IMPOR BERAS KARENA STOK KURANG

WAPRES JK: SISTEMNYA MEMANG SUDAH DEMIKIAN.

Pin It

Dok/ist /

Jusuf Kalla


JAKARTA - Wakil Presiden Jusuf Kalla (Wapres JK) mengatakan keputusan Pemerintah untuk mengimpor 500 ribu ton beras disebabkan oleh ketersediaan beras dalam negeri berkurang.

"Kita kan ada harga patokan, kalau di atas harga patokan maka Bulog harus menjual. Tetapi ini karena stok kurang, maka harus impor dulu baru dijual. Tetapi kalau turun harga, maka dia membeli supaya naik. Memang begitu sistemnya," kata JK seusai melantik pengurus Dewan Masjid Indonesia di Masjid Istiqlal Jakarta, Jumat (12/1/2018).

Kurangnya produksi beras dalam negeri disebabkan antara lain oleh keadaan cuaca yang mengakibatkan kualitas beras tidak maksimal."Biasanya yang tidak diambil (Bulog) itu kalau (karena) hujan, jadi basah, ya susah juga. Tetapi kalau dia (beras) banyak, yakinlah kalau produksi banyak pasti akan dibeli oleh Bulog," ujarnya seperti dilansir antaranews.com.

Menteri Perdagangan Enggartiasto Lukita mengatakan, impor beras sebanyak 500 ribu ton dari Vietnam dan Thailand tersebut tidak menggunakan dana Anggaran Pendapatan dan Belanja Negara (APBN)."Tidak ada dana APBN, itu pasti. PPI (PT Perusahan Perdagangan Indonesia) menjadi pintu sehingga kami bisa mengatur. Mereka nanti bisa bermitra dengan pengusaha beras," katanya.

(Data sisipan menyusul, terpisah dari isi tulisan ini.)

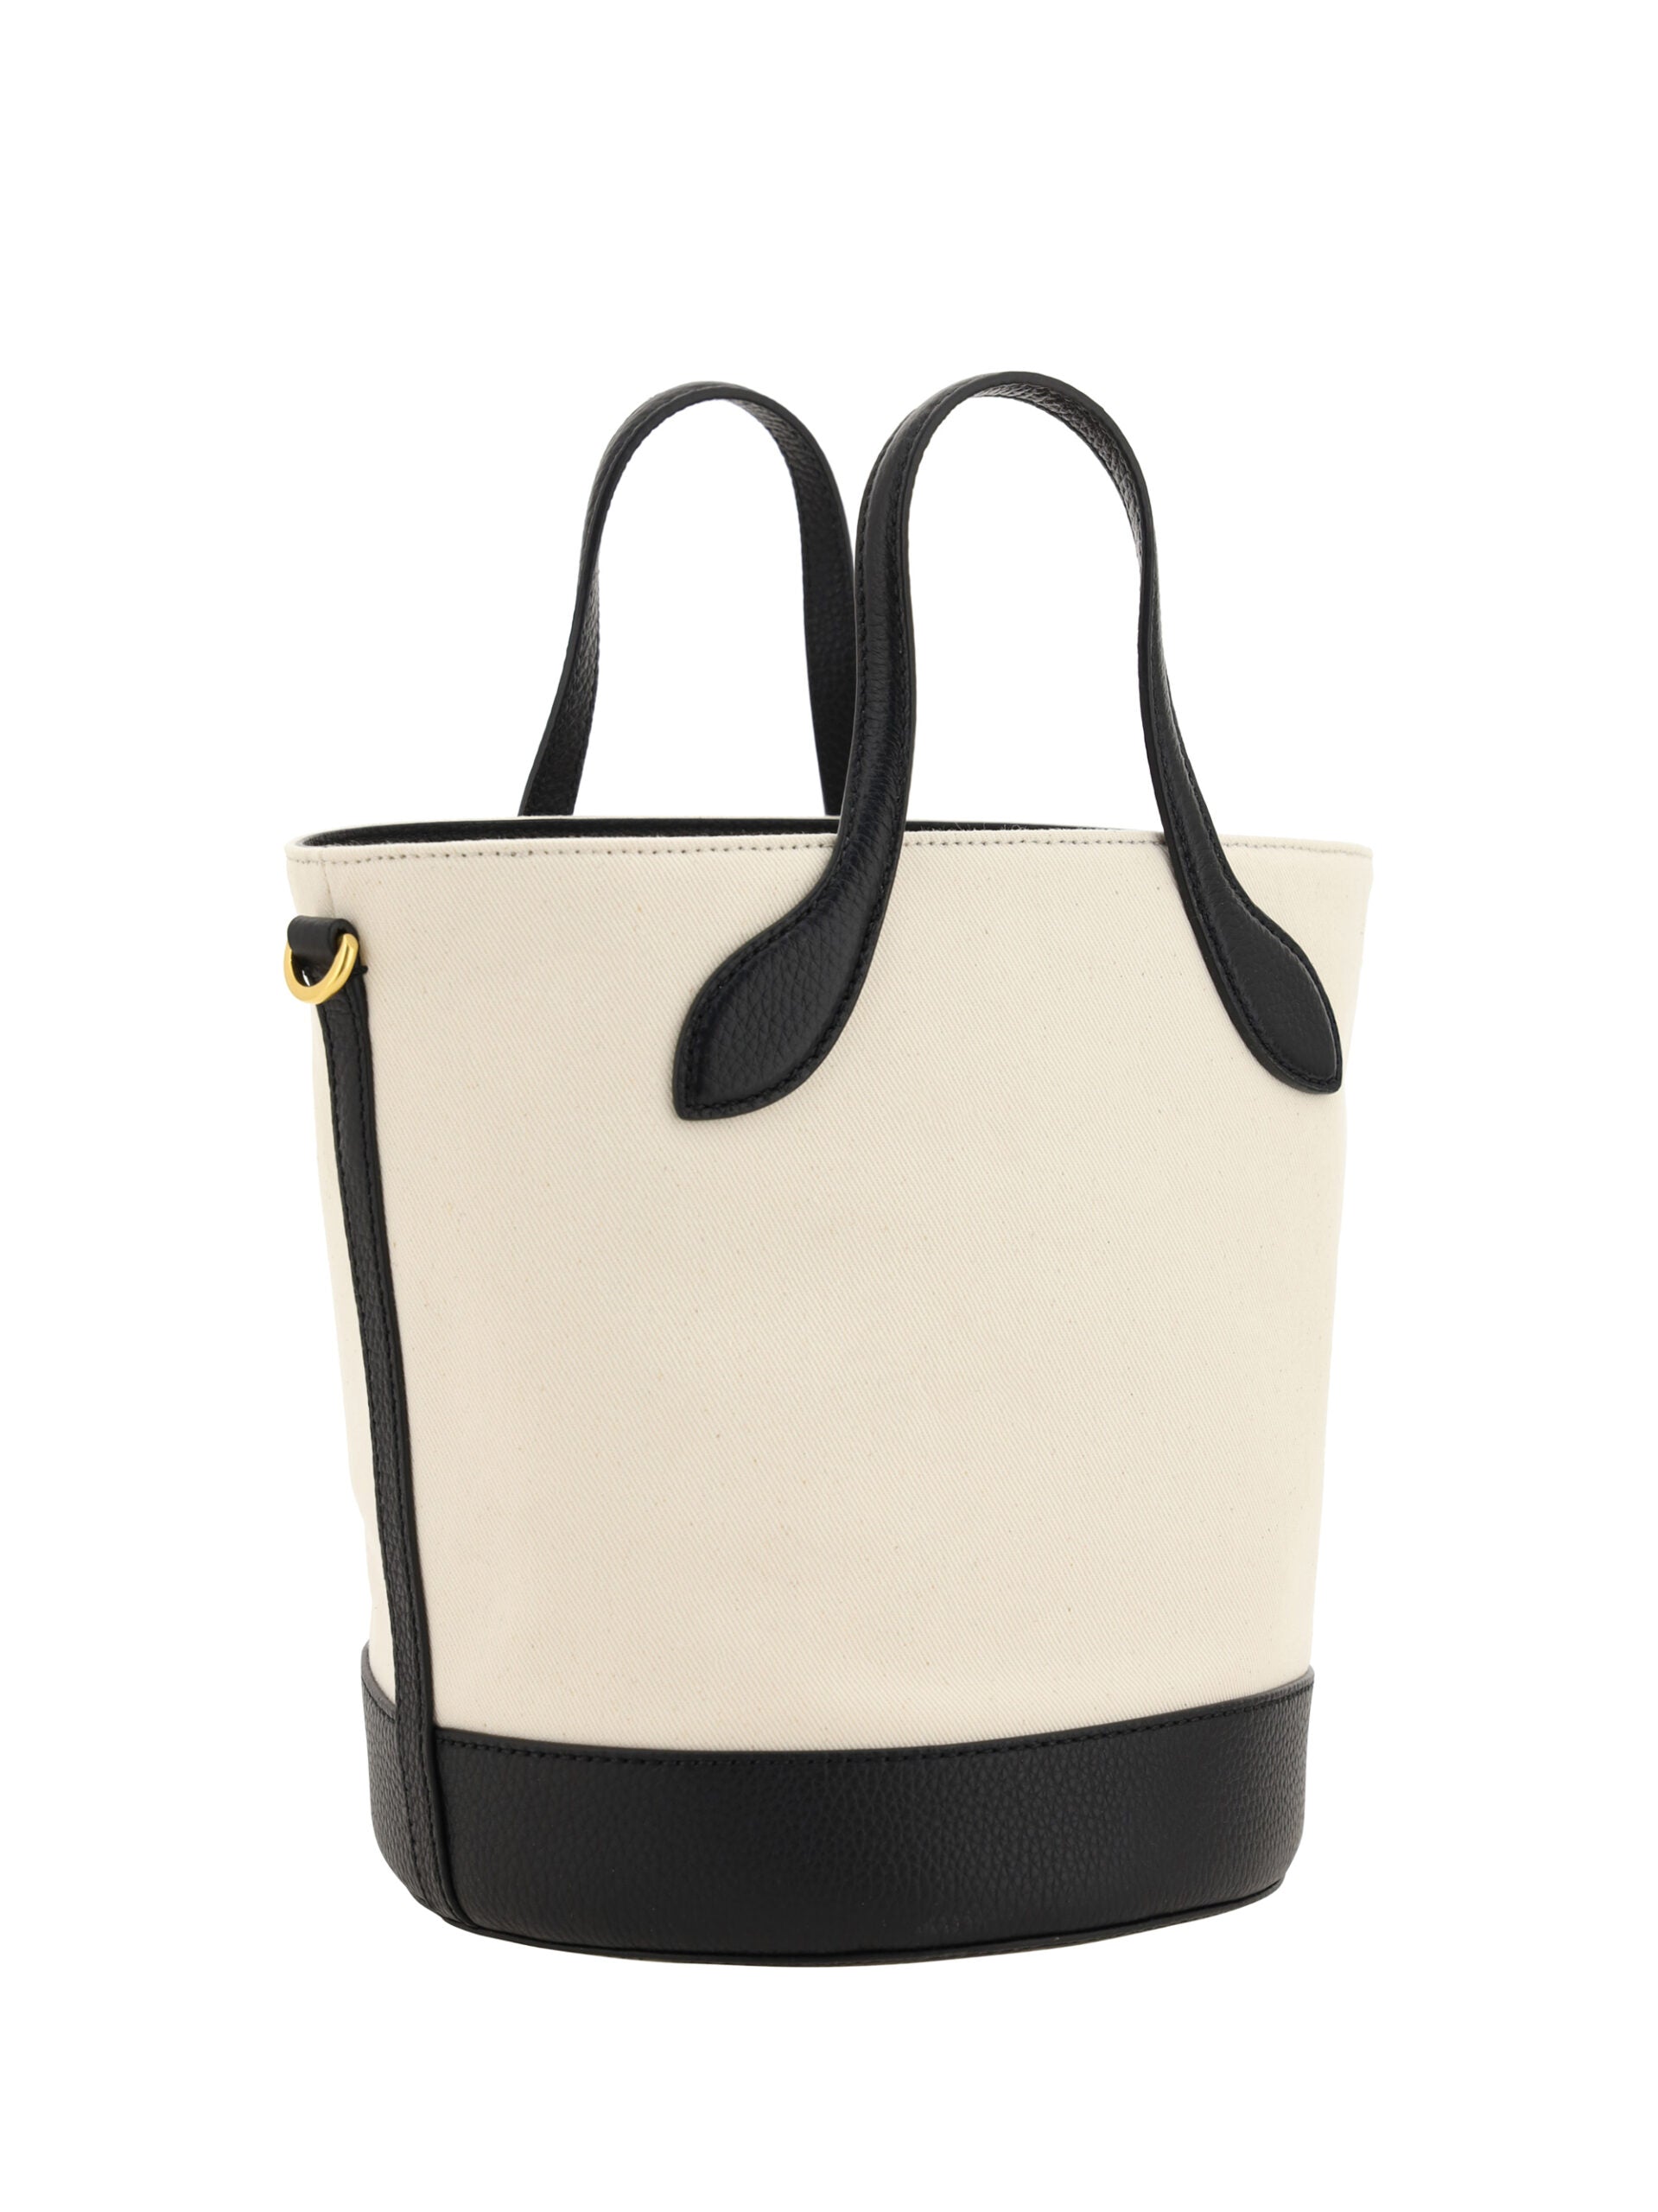 Fashionsarah.com Fashionsarah.com Bally White and Black Leather Bucket Bag
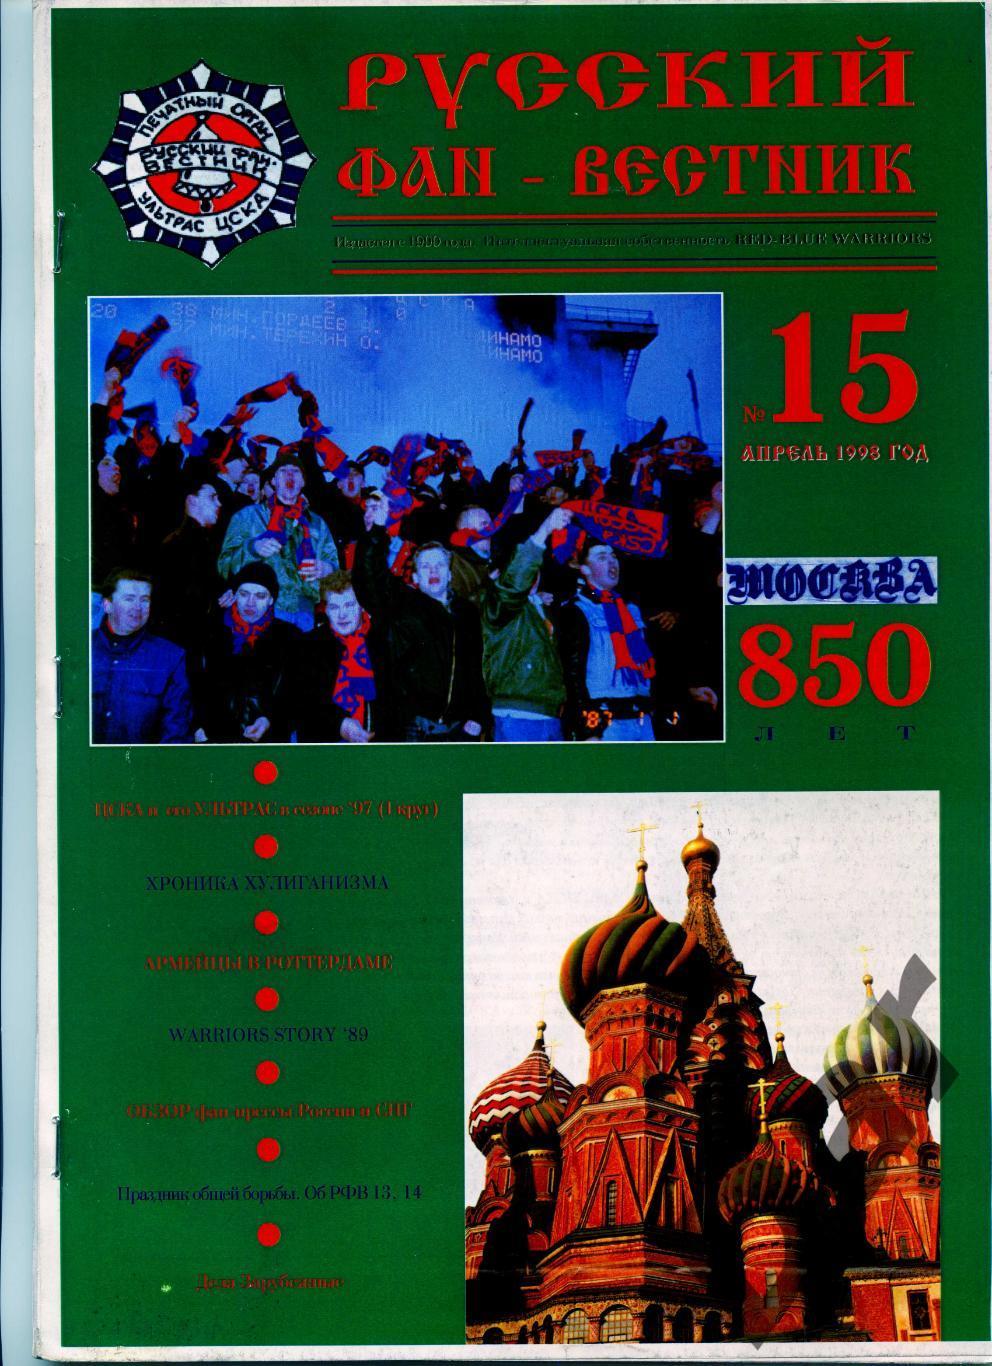 Фанзин Русский фан-вестник №15 (ЦСКА Москва)

Keputusan Pemerintah untuk mendatangkan beras dari Vietnam dan Thailand tersebut diambil setelah melakukan operasi pasar sejak November - Desember 2017 lalu.

Hasilnya, operasi pasar tersebut tidak terlalu memberi pengaruh terhadap penurunan harga. Bahkan, pada awal Januari 2018, harga beras medium berada di kisaran Rp11.000 per kilogram, atau di atas harga eceran tertinggi (HET) yakni Rp9.450.